So you can walk a wolf in public? yes the system needs work but i think befor you comment again you should get a better idea of whats what yourself?

and now i can walk my wold in public im going to the local park:whistling2:


----------



## Gar1on (Mar 27, 2012)

Part of me questions whether this is a troll thread... It's fundamentally ridiculous to suggest crocs shouldn't be under the DWA. Your argument regarding Big Burms and Retics is flawed also, indeed, some would argue that some of the bigger snakes should be under the DWA anyway - but that is a different debate.

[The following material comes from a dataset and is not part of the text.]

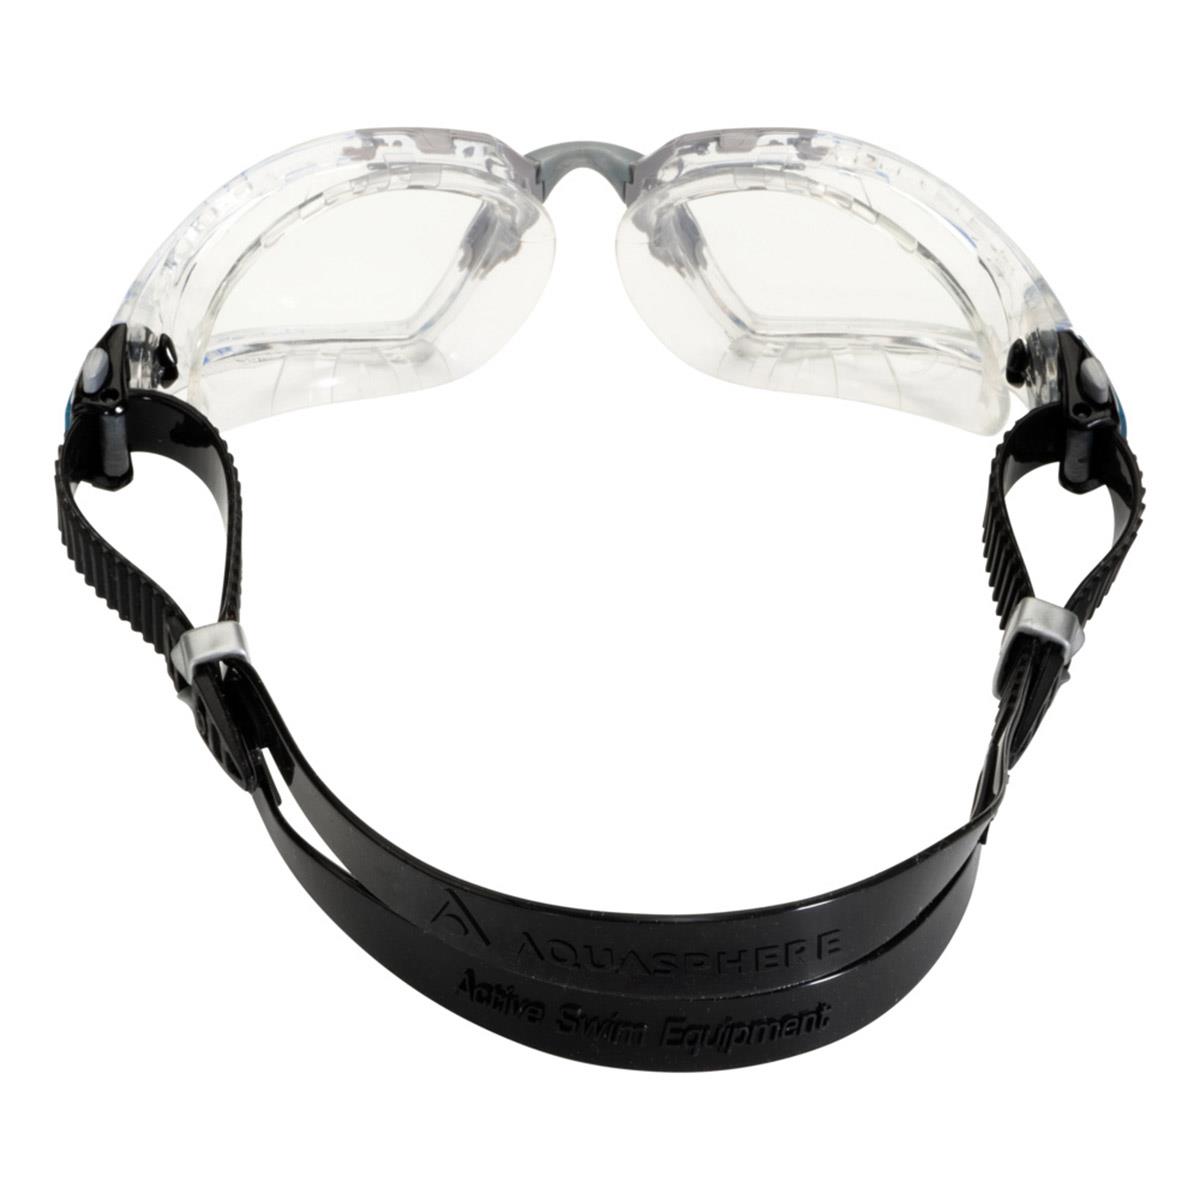 Aquasphere Kayenne Pro Clear Lens Goggles - Grey / Black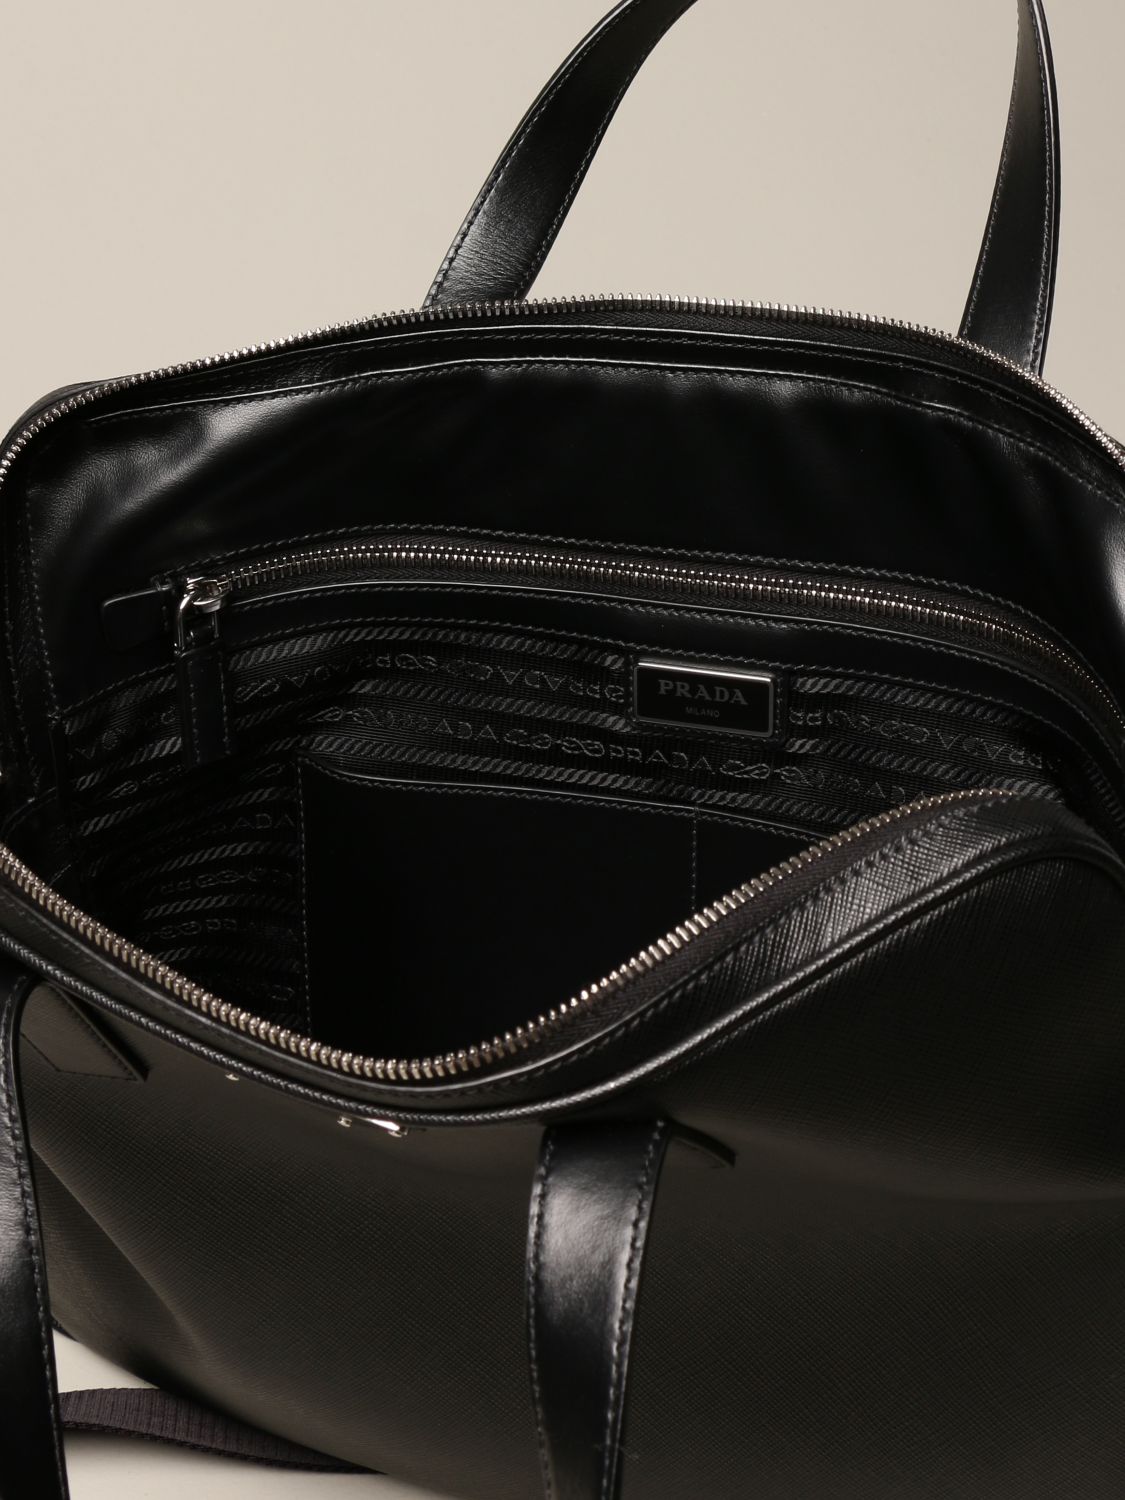 Prada Men's VA0891 9Z2 Bag, Black, One Size : : Computers &  Accessories

Certainly, I'd rather see Burms and Retics come under the DWA than Crocs being delisted... It would give way to irresponsible ownership which has dangerous results; for both other humans and the animal itself.


----------



## coldestblood (Jun 4, 2011)

mikeyb said:


> but as long as its muzzled then theres no issues its no different to owning a wolf there on dwa and u can take them for a walk if im right chimps are dwa and they have them exposed to the public all the time makes no sense *the whole dwa thing is a crock of* :censor: *its wrong in so many ways i sometimes dont blame people for keeping illegally*. should be a standard price across the uk and i agree all handlers should carry there own antivenine to own the species but it needs revising big time as ive said before some of the spiders that per shops are selling now are probably more agressive and do more damage to u than some venomous dwa imho get the experts in get it standardidsesd and get them to choose what should and shouldnt be on it based on expirience not myth


Thats because you have no idea what you're talking about. You clearly think people take their pet wolves for walkies, and go out shopping with a chimp. That makes what you say on the subject pointless. You just don't know enough of the facts to be able to have a valid opinion.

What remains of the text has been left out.